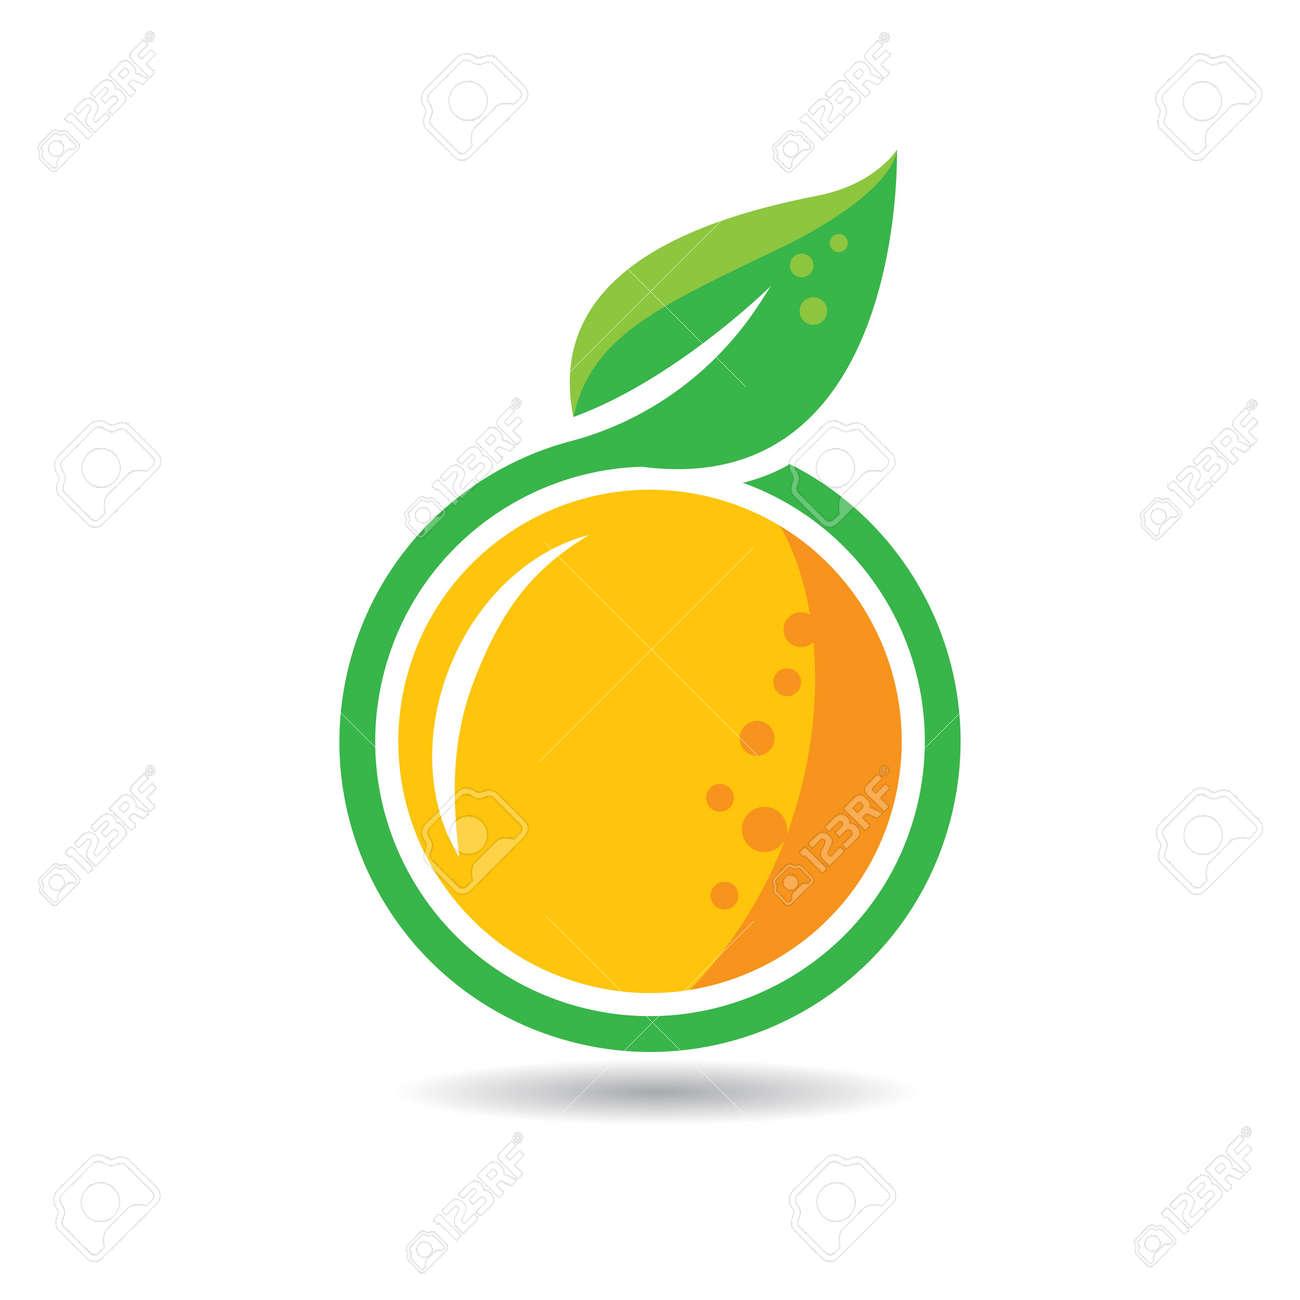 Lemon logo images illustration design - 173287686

.....

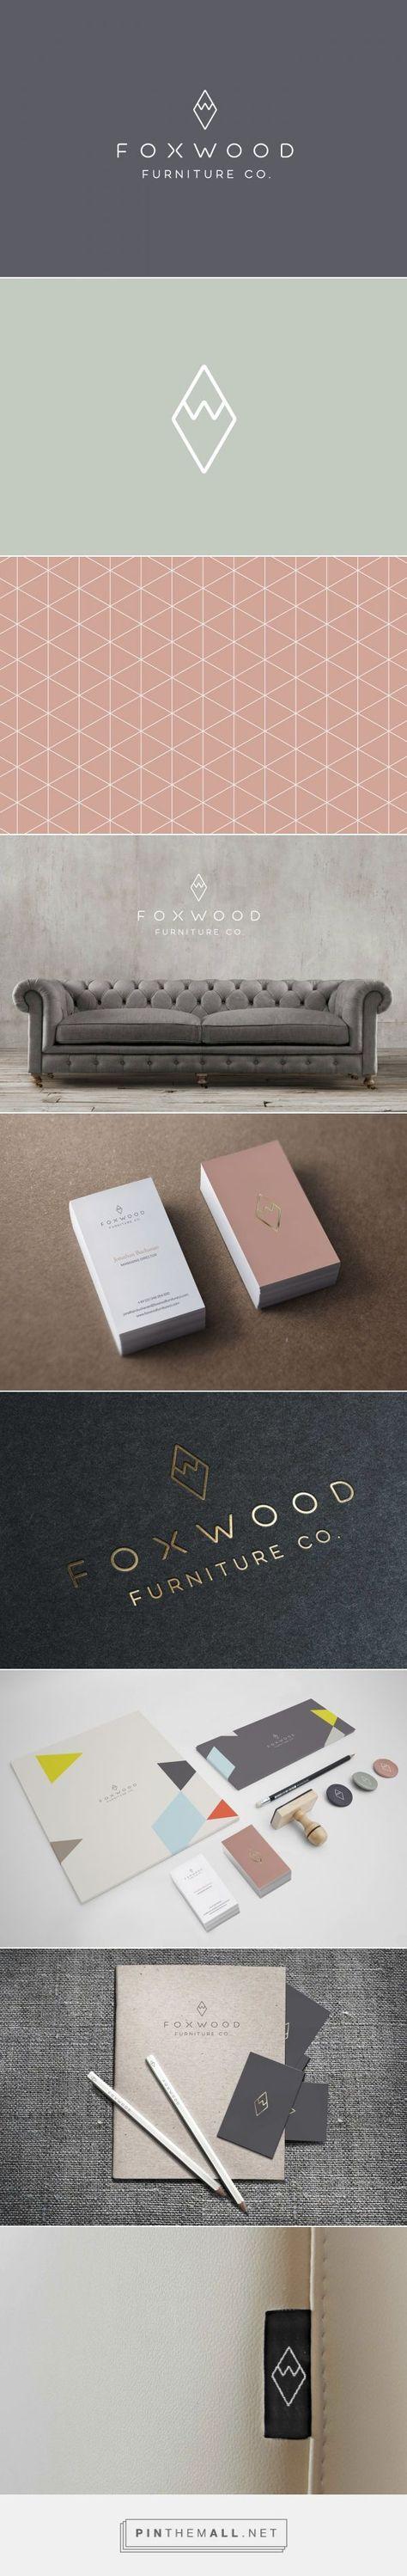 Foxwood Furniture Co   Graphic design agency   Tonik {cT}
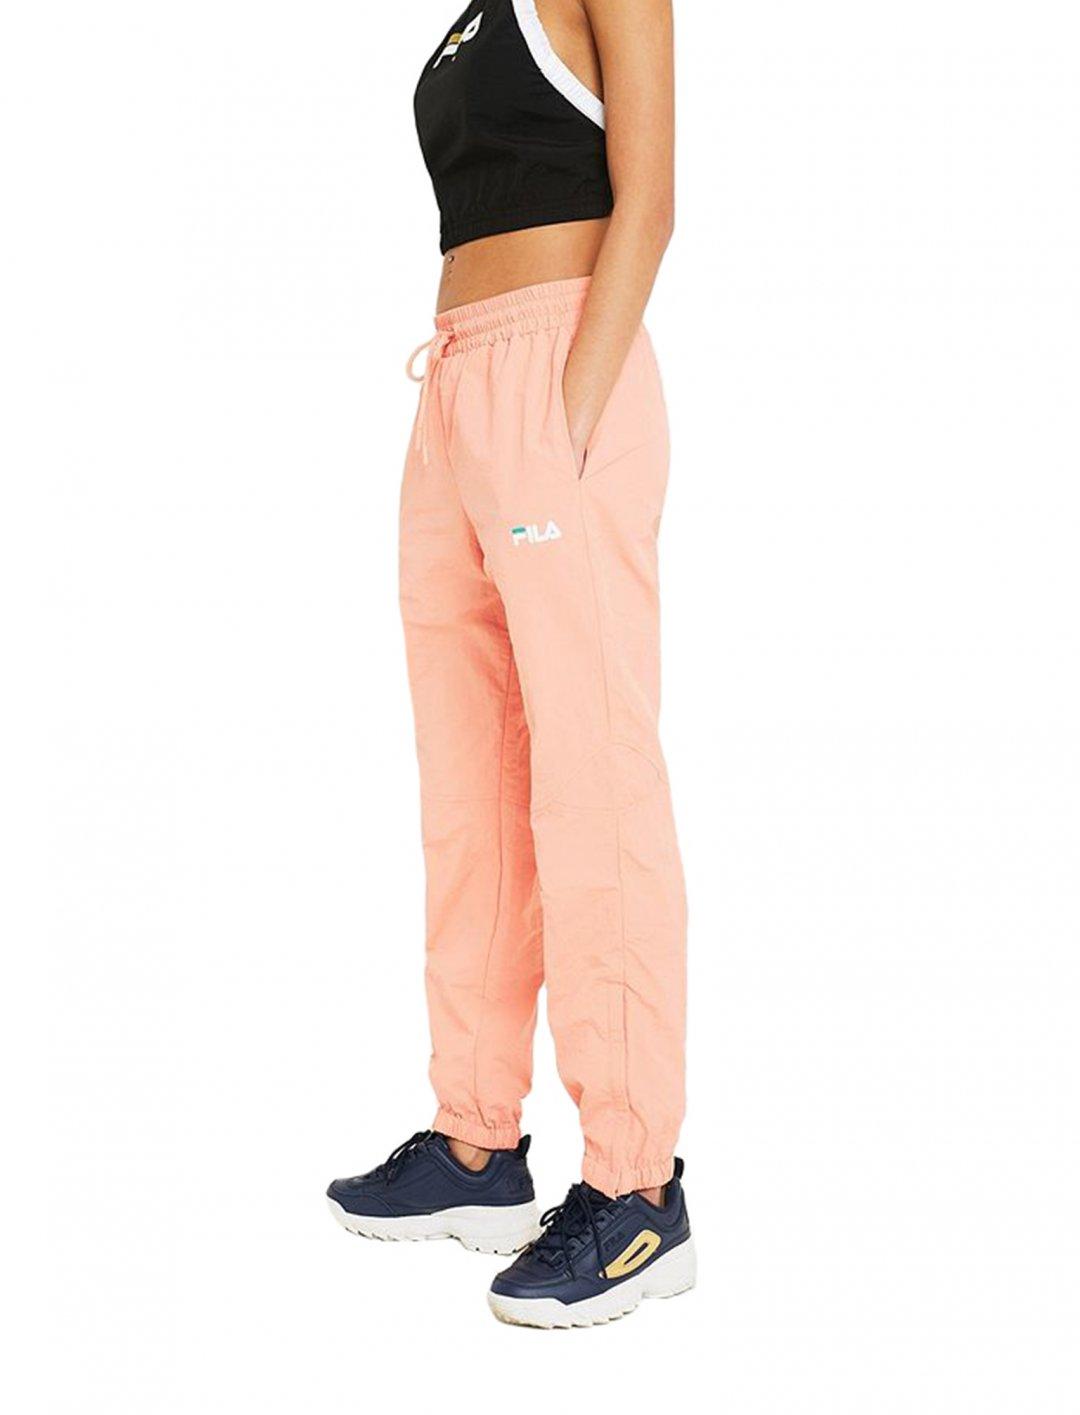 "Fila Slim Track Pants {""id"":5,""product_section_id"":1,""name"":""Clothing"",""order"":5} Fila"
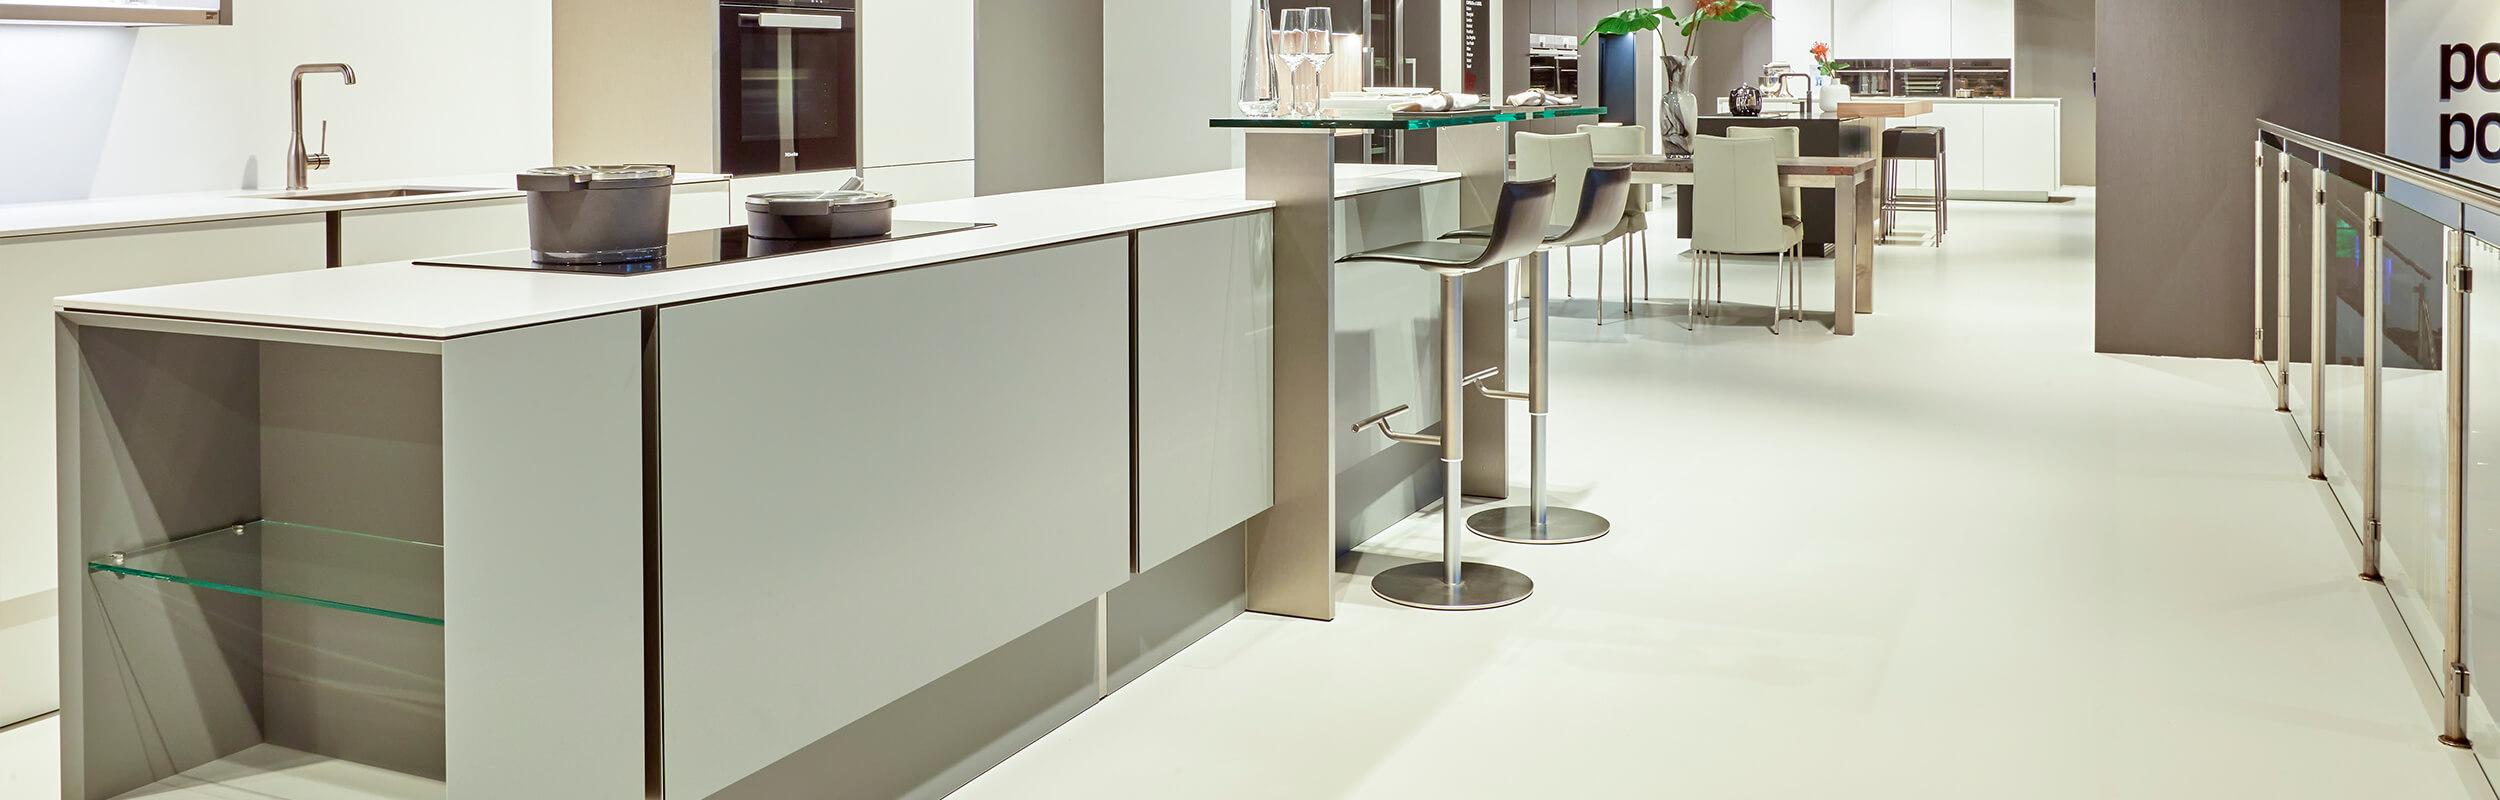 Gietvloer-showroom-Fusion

.....

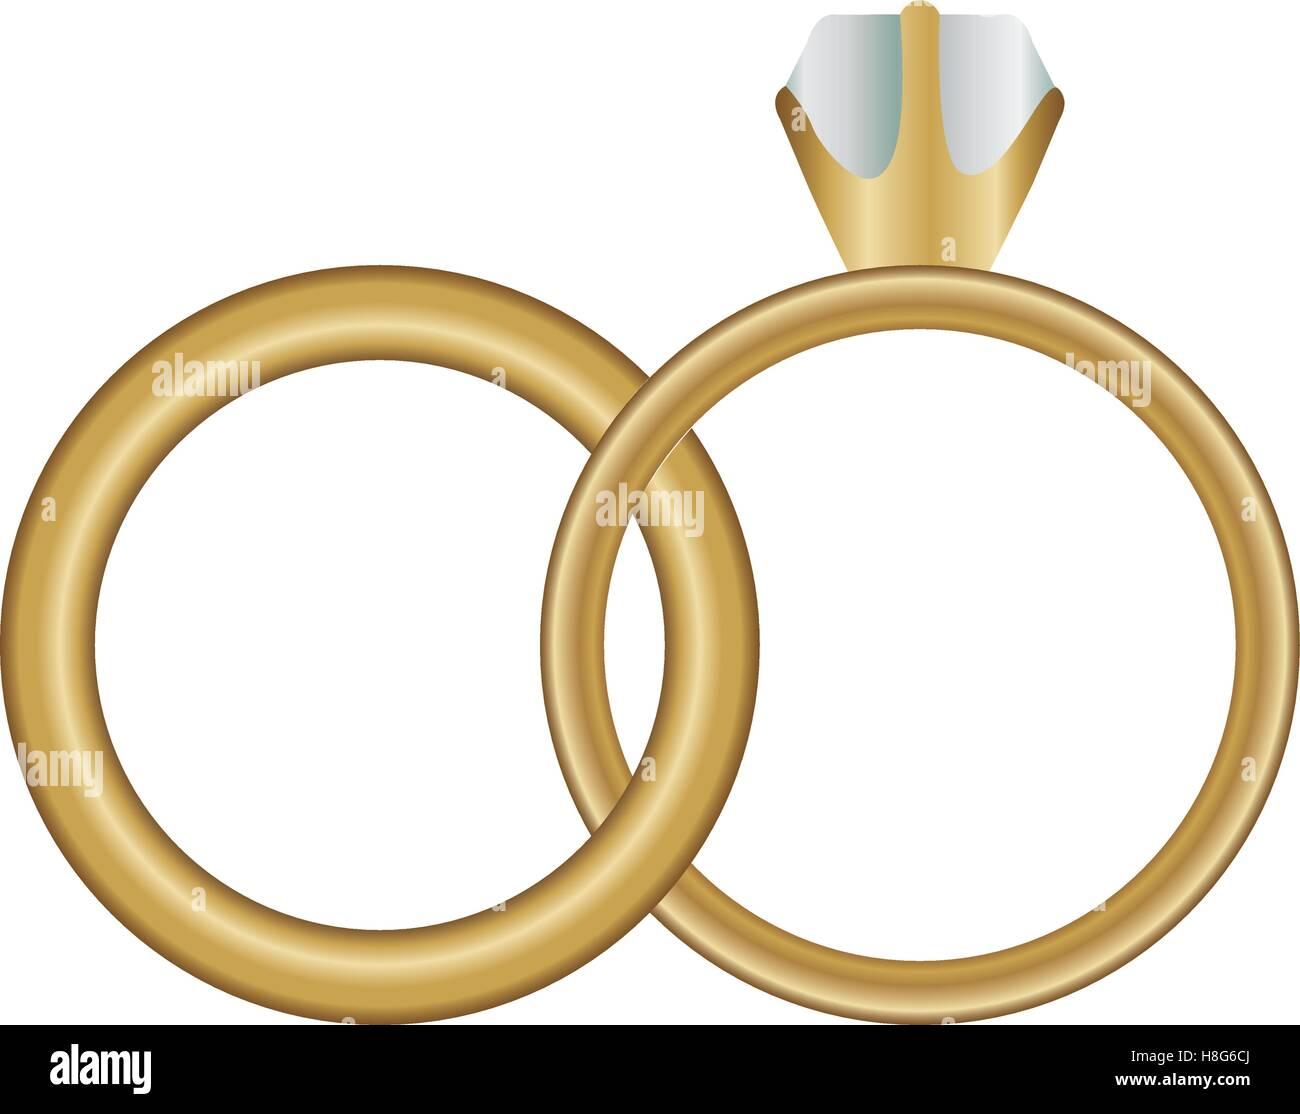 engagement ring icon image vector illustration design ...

.....

◆ WHAT IS BEING ASKED ◆
Would you output the lines above from the line holding "Slim Track Pants" up to and including the line holding "Gietvloer-showroom-Fusion", exactly and only those, with no pictures?

◆ WRITTEN RESPONSE ◆
 "Fila Slim Track Pants {""id"":5,""product_section_id"":1,""name"":""Clothing"",""order"":5} Fila"
 Gietvloer-showroom-Fusion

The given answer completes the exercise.